_Information shown_
++++++++

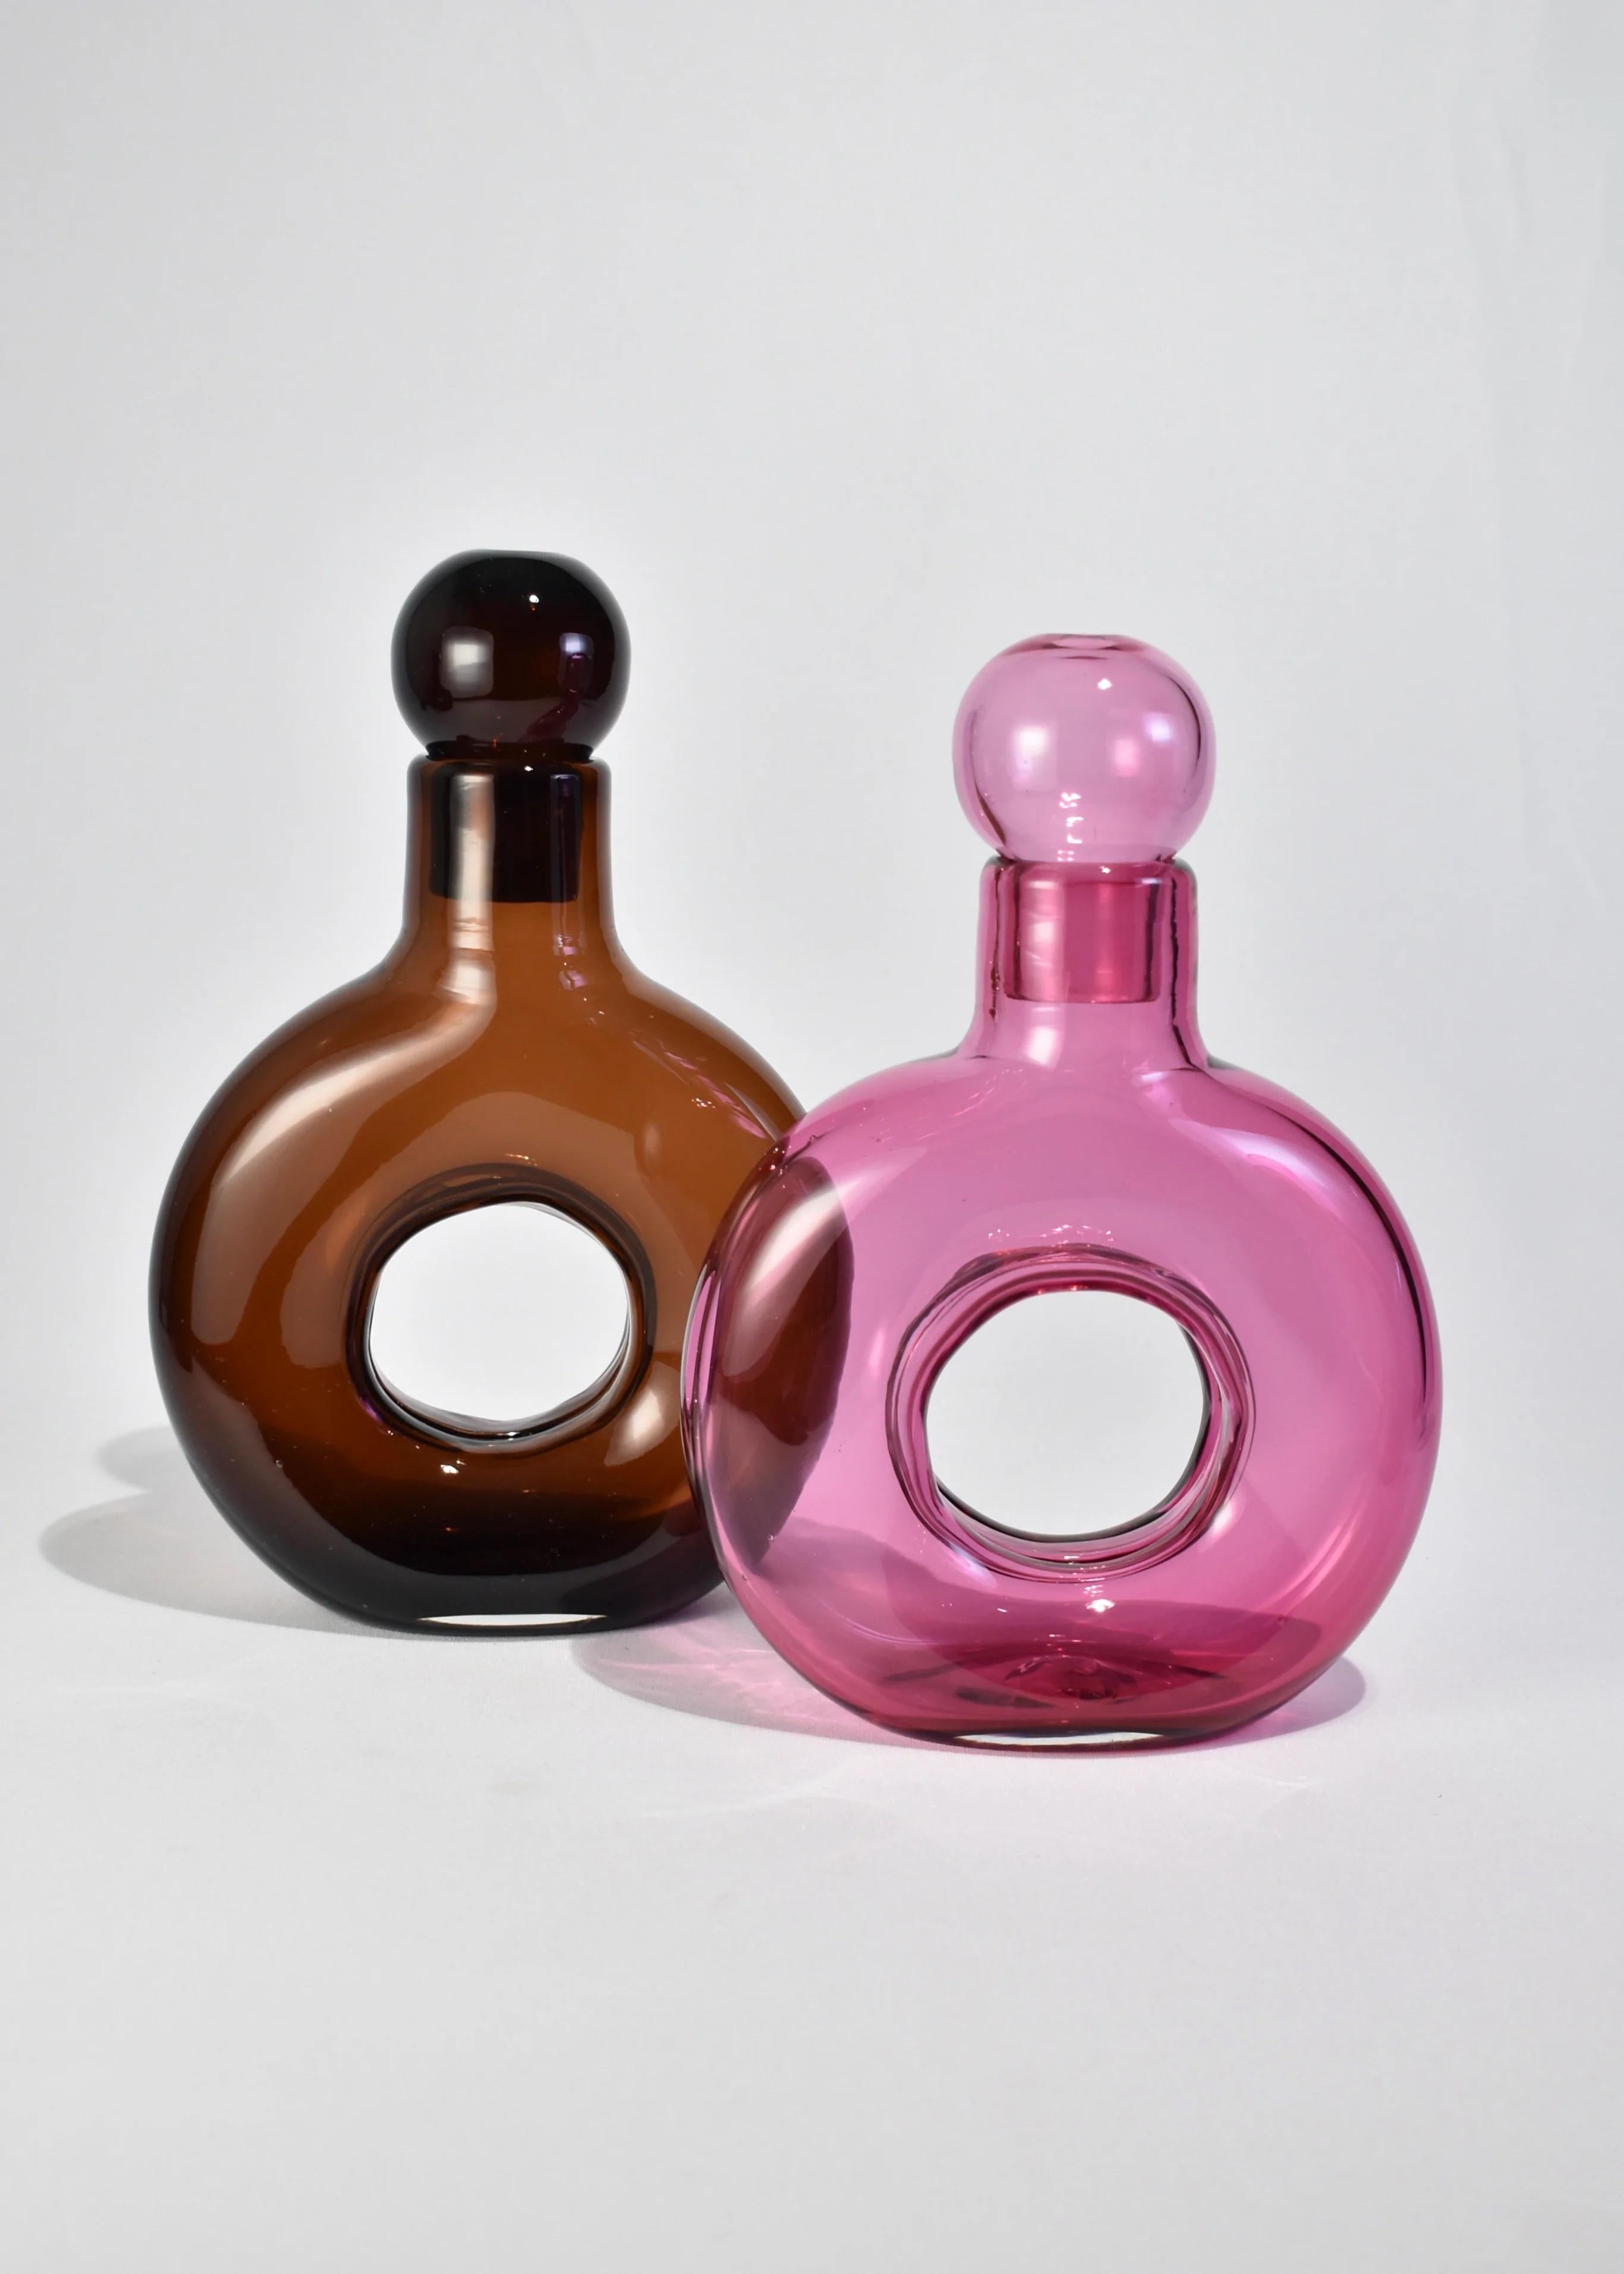 
Our in-house collection pairs modern rounded shapes with colors inspired by ancient Venetian glassware resulting in a functional, beautiful piece to be admired and used often. Each vessel is hand blown in Richmond, Virginia and one of a
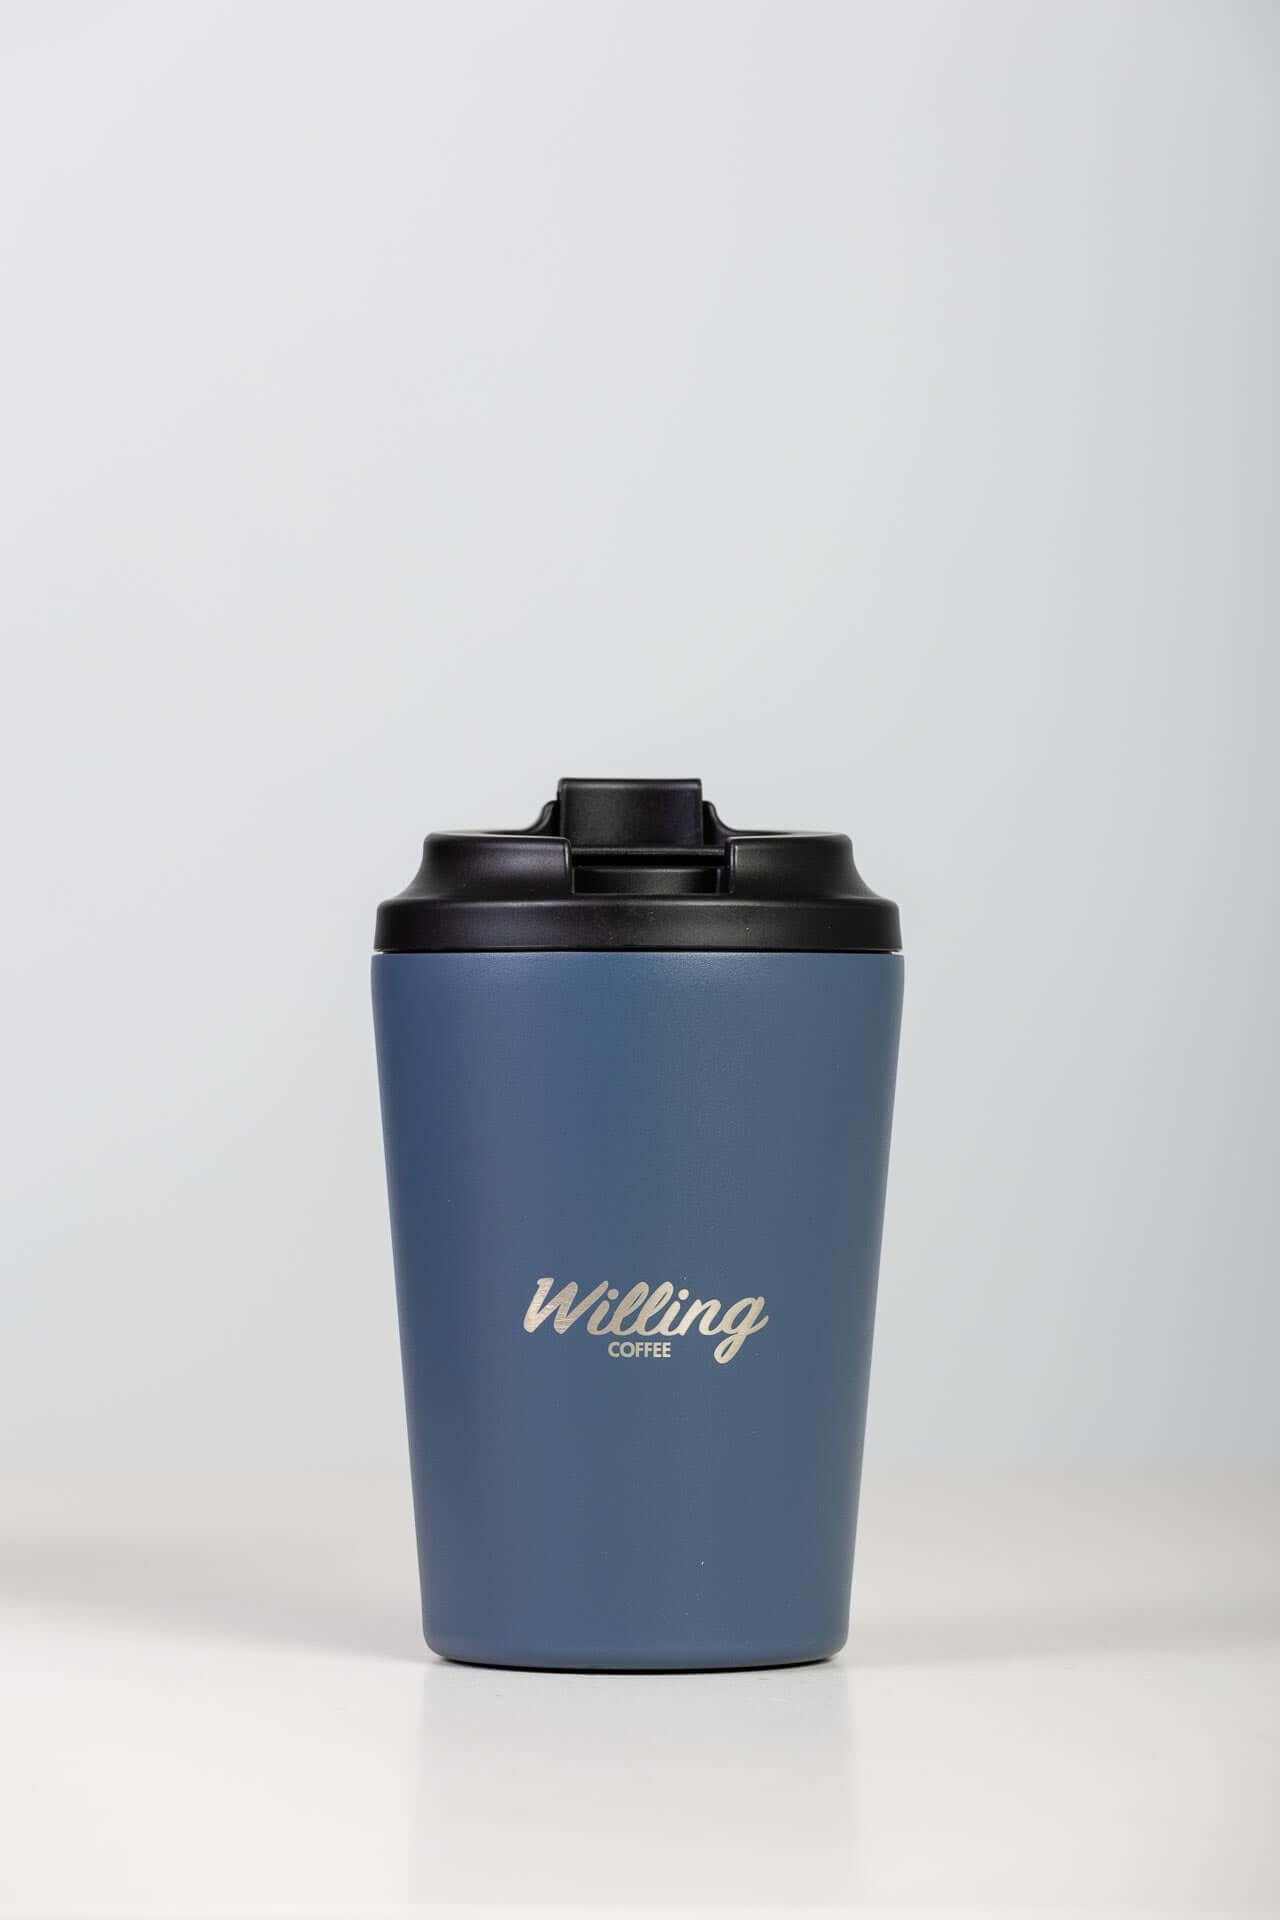 Stylish 12oz Willing Coffee Keep Cup in Navy - Eco-friendly, spill-proof lid, and silicone grip band. Perfect for hot/cold drinks on the go!
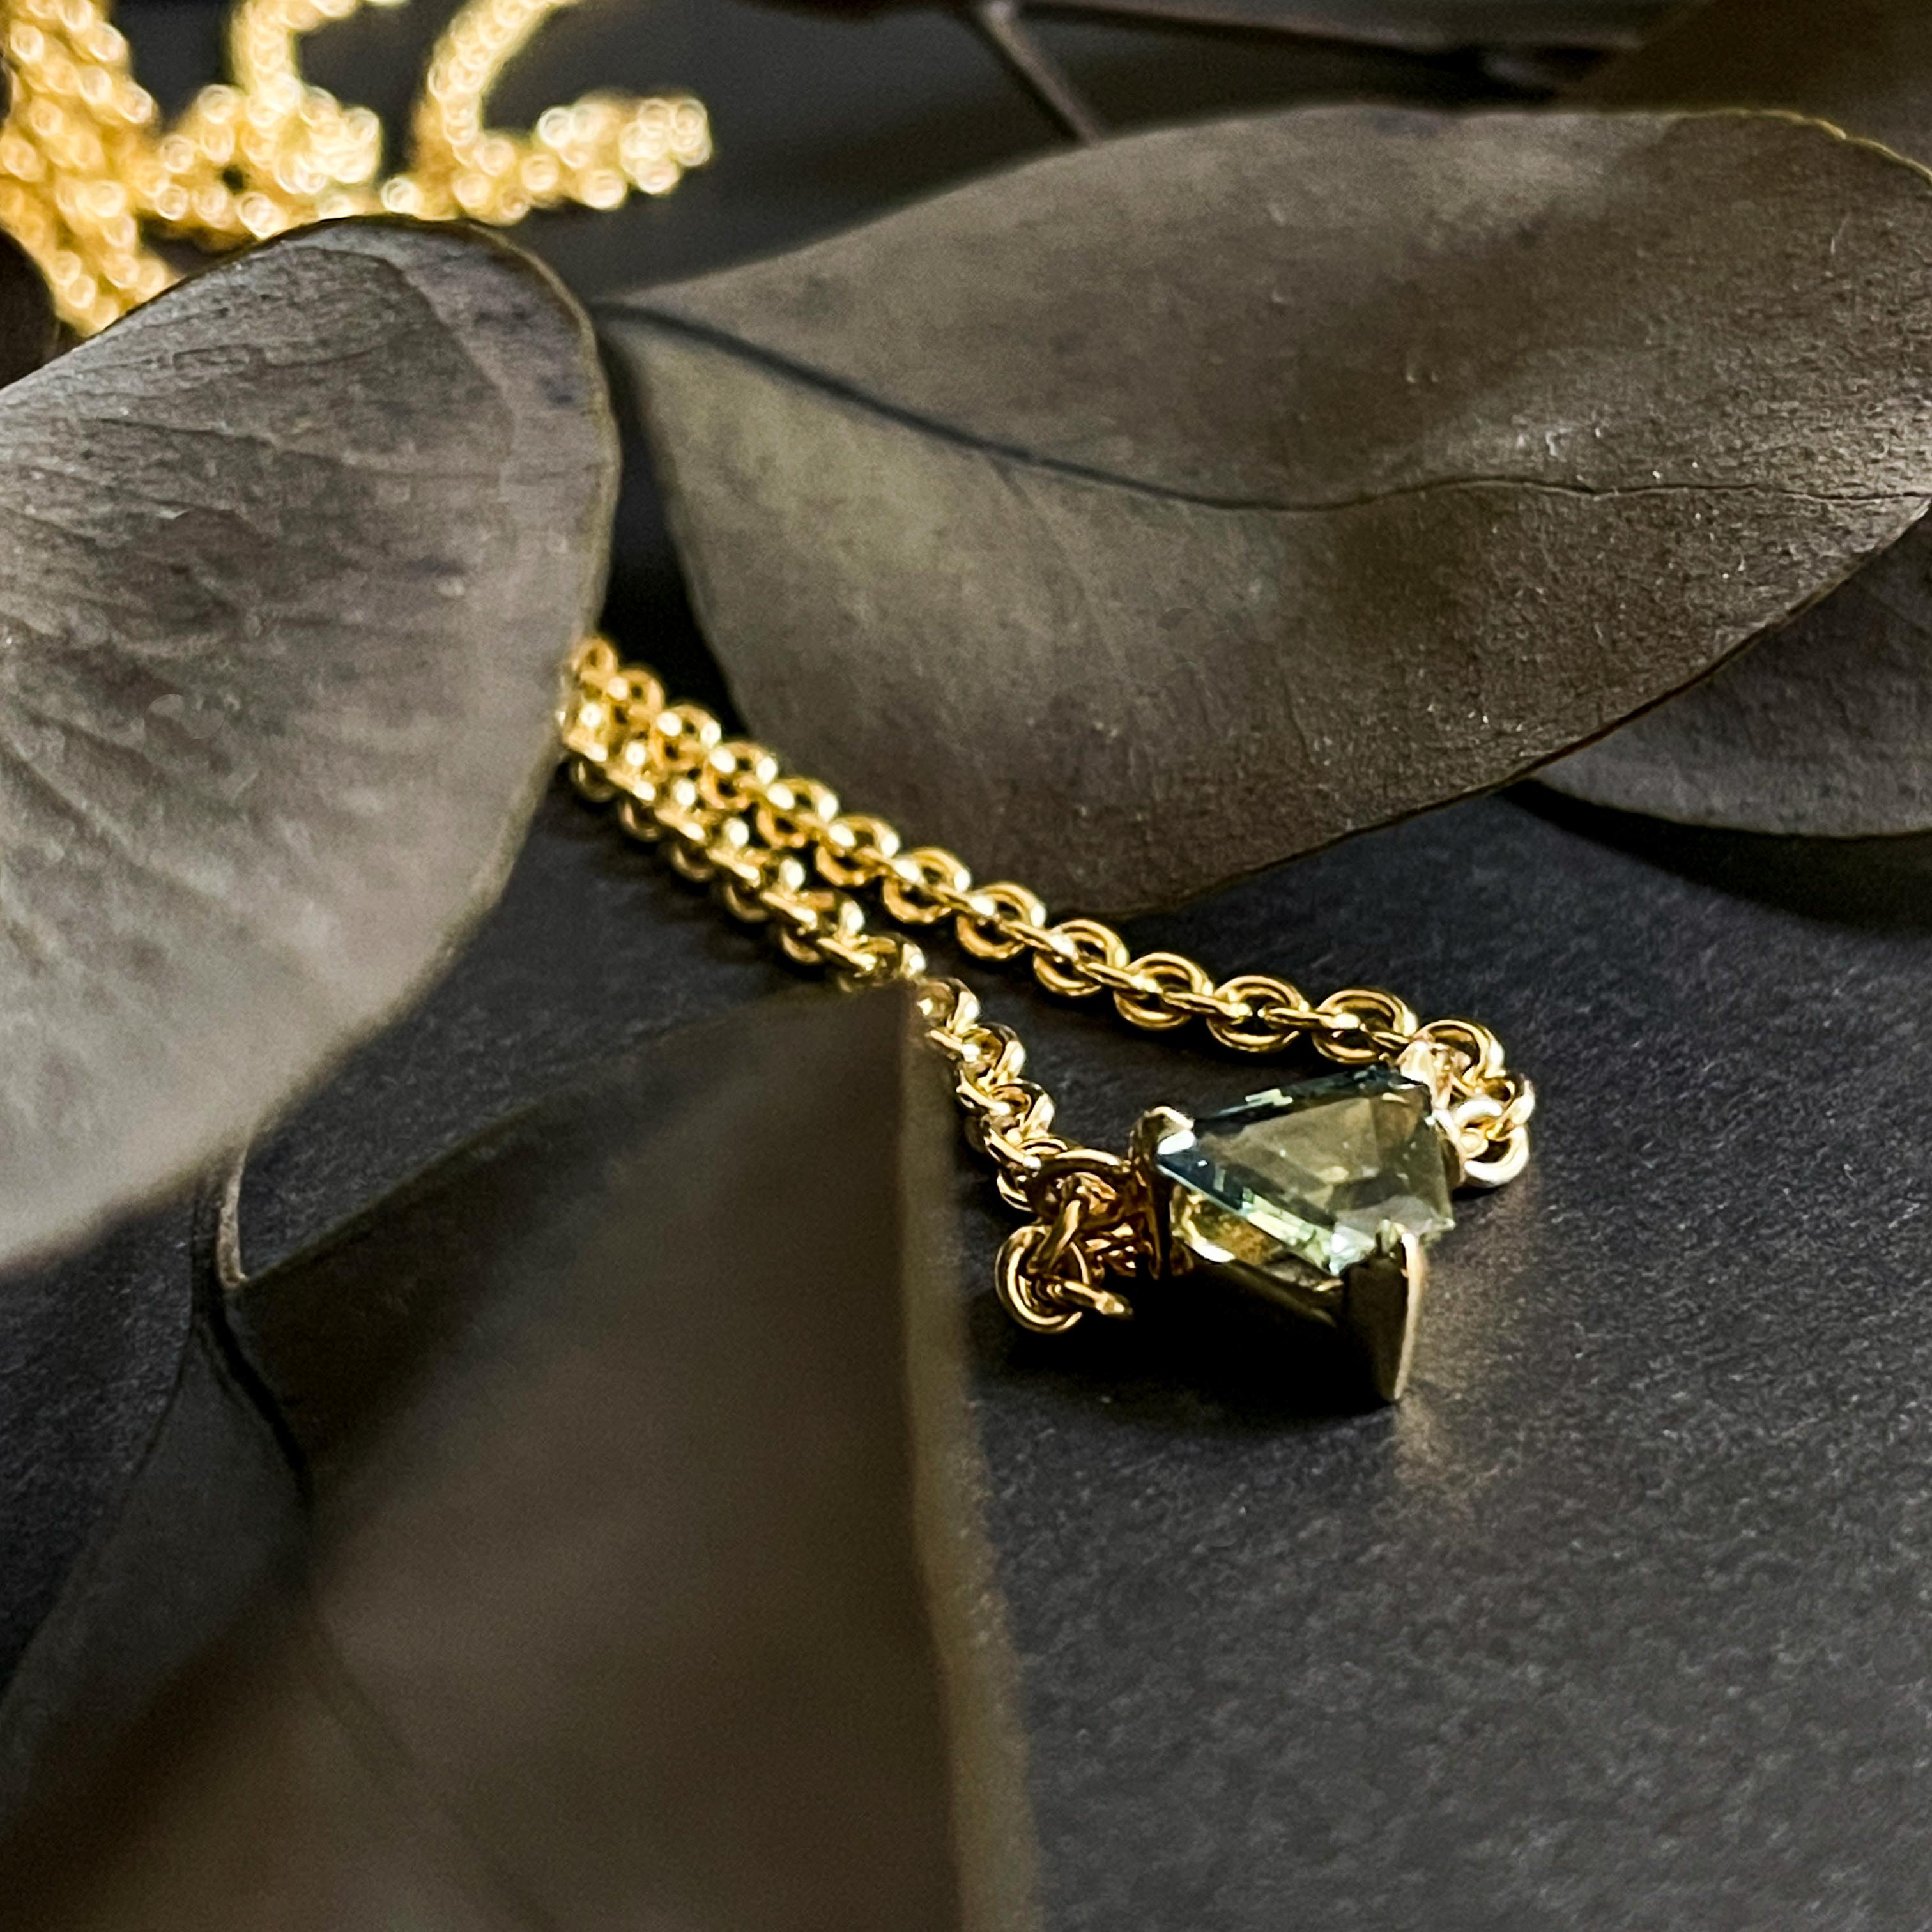 PARKER: Yellow Gold Trapezoid Green Sapphire Necklace

++++++++

_Problem details_
Please give again, word for word, the lines from the one containing "Stylish 12oz Willing" through the last line of the listing above, inclusive, and leave out pictures.

_Solved problem_
 Stylish 12oz Willing Coffee Keep Cup in Navy - Eco-friendly, spill-proof lid, and silicone grip band. Perfect for hot/cold drinks on the go!
 PARKER: Yellow Gold Trapezoid Green Sapphire Necklace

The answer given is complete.